Problem description —
Looking at the material below, count the lines that contain "Ideas" and answer with the count only.

========================================================================

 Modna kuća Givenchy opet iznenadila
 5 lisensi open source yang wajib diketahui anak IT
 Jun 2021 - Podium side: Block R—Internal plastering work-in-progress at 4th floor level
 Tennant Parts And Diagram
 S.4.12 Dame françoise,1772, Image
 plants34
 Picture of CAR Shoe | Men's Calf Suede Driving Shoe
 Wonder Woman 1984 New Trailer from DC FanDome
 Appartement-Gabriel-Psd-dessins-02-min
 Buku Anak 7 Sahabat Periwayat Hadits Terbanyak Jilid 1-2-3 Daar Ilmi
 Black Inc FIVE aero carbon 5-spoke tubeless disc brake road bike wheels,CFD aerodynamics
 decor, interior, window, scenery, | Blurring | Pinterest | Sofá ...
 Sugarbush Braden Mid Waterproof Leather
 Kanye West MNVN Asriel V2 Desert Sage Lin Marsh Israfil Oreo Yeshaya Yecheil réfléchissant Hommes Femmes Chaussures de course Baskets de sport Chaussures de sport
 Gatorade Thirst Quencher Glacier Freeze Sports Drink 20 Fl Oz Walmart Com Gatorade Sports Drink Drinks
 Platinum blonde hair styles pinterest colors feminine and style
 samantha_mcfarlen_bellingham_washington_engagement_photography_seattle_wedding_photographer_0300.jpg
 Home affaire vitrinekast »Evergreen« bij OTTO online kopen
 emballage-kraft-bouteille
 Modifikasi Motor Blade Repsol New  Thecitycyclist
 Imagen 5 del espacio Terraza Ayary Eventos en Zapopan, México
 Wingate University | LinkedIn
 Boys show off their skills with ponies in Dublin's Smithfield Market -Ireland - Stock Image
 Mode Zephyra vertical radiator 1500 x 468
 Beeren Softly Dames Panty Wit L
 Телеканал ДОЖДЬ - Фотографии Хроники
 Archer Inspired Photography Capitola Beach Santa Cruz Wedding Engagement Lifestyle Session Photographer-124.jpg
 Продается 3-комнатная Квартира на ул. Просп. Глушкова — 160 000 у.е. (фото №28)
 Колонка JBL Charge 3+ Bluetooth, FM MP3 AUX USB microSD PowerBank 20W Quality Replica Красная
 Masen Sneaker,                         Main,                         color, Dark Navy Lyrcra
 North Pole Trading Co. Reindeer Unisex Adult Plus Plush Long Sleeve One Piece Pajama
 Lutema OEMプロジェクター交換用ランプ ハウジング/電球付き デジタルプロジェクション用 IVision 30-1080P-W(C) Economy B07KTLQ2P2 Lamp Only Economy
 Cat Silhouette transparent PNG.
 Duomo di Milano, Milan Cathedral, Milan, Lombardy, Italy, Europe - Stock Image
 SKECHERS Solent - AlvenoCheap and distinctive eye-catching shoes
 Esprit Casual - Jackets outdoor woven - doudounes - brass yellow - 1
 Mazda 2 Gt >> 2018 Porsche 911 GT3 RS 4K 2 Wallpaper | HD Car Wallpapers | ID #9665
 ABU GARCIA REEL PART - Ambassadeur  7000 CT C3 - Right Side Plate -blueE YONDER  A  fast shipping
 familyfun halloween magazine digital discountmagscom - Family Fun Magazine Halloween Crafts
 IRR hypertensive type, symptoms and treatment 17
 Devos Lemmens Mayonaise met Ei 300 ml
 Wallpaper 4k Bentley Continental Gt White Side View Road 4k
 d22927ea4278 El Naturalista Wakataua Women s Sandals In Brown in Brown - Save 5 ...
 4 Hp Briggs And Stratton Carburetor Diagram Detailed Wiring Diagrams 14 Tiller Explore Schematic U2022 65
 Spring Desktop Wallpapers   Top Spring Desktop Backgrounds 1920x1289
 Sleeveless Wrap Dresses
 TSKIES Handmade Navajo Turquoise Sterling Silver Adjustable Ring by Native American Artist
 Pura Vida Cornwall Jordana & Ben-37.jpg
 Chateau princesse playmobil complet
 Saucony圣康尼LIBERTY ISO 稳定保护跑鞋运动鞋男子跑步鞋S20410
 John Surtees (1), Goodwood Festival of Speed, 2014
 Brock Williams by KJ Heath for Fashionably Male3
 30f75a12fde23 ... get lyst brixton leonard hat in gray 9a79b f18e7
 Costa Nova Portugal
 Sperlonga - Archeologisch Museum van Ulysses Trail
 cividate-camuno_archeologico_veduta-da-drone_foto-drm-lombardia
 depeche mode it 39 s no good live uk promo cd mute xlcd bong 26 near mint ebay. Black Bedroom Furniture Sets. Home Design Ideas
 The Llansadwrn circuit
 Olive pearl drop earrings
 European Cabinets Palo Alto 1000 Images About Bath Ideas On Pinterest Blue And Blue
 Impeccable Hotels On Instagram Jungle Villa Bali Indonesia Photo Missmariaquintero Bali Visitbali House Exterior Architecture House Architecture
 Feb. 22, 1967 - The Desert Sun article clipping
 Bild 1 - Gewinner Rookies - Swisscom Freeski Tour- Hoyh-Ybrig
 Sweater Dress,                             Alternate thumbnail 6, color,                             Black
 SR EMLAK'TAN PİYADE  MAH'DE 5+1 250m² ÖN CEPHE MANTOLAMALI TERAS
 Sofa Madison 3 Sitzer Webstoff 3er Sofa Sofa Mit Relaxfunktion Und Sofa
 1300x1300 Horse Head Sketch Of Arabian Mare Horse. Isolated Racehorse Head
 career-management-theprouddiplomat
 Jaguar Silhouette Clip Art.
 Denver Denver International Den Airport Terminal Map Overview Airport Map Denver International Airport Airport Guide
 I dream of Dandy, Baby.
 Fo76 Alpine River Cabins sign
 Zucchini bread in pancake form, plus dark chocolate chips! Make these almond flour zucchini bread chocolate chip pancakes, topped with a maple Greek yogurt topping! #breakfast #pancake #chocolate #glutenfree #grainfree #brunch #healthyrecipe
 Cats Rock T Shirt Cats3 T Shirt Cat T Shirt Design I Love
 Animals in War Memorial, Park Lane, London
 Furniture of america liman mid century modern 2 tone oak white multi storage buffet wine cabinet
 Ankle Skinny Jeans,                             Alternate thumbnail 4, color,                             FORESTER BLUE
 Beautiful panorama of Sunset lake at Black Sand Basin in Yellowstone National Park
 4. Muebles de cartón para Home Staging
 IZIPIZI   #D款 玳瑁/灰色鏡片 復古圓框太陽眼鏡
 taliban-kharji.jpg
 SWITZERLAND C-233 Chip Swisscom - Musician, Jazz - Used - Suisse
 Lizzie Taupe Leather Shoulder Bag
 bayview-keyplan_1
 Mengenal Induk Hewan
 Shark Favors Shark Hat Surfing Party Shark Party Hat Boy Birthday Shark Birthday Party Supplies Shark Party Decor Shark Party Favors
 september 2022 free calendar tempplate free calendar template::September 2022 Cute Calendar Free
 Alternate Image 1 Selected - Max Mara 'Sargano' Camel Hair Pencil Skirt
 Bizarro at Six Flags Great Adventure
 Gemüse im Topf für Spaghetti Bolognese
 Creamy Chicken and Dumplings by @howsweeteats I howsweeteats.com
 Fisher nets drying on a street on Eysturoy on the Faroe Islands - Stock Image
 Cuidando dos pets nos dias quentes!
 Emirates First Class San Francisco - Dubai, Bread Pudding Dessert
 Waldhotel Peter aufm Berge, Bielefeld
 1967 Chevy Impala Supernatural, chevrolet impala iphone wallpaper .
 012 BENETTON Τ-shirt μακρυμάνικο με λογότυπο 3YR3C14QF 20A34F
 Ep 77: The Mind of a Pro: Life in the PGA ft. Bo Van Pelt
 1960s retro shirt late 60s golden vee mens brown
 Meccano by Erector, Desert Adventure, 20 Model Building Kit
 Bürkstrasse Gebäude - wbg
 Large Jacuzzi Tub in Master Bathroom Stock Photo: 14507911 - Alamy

========================================================================

Solution to the exercise —
2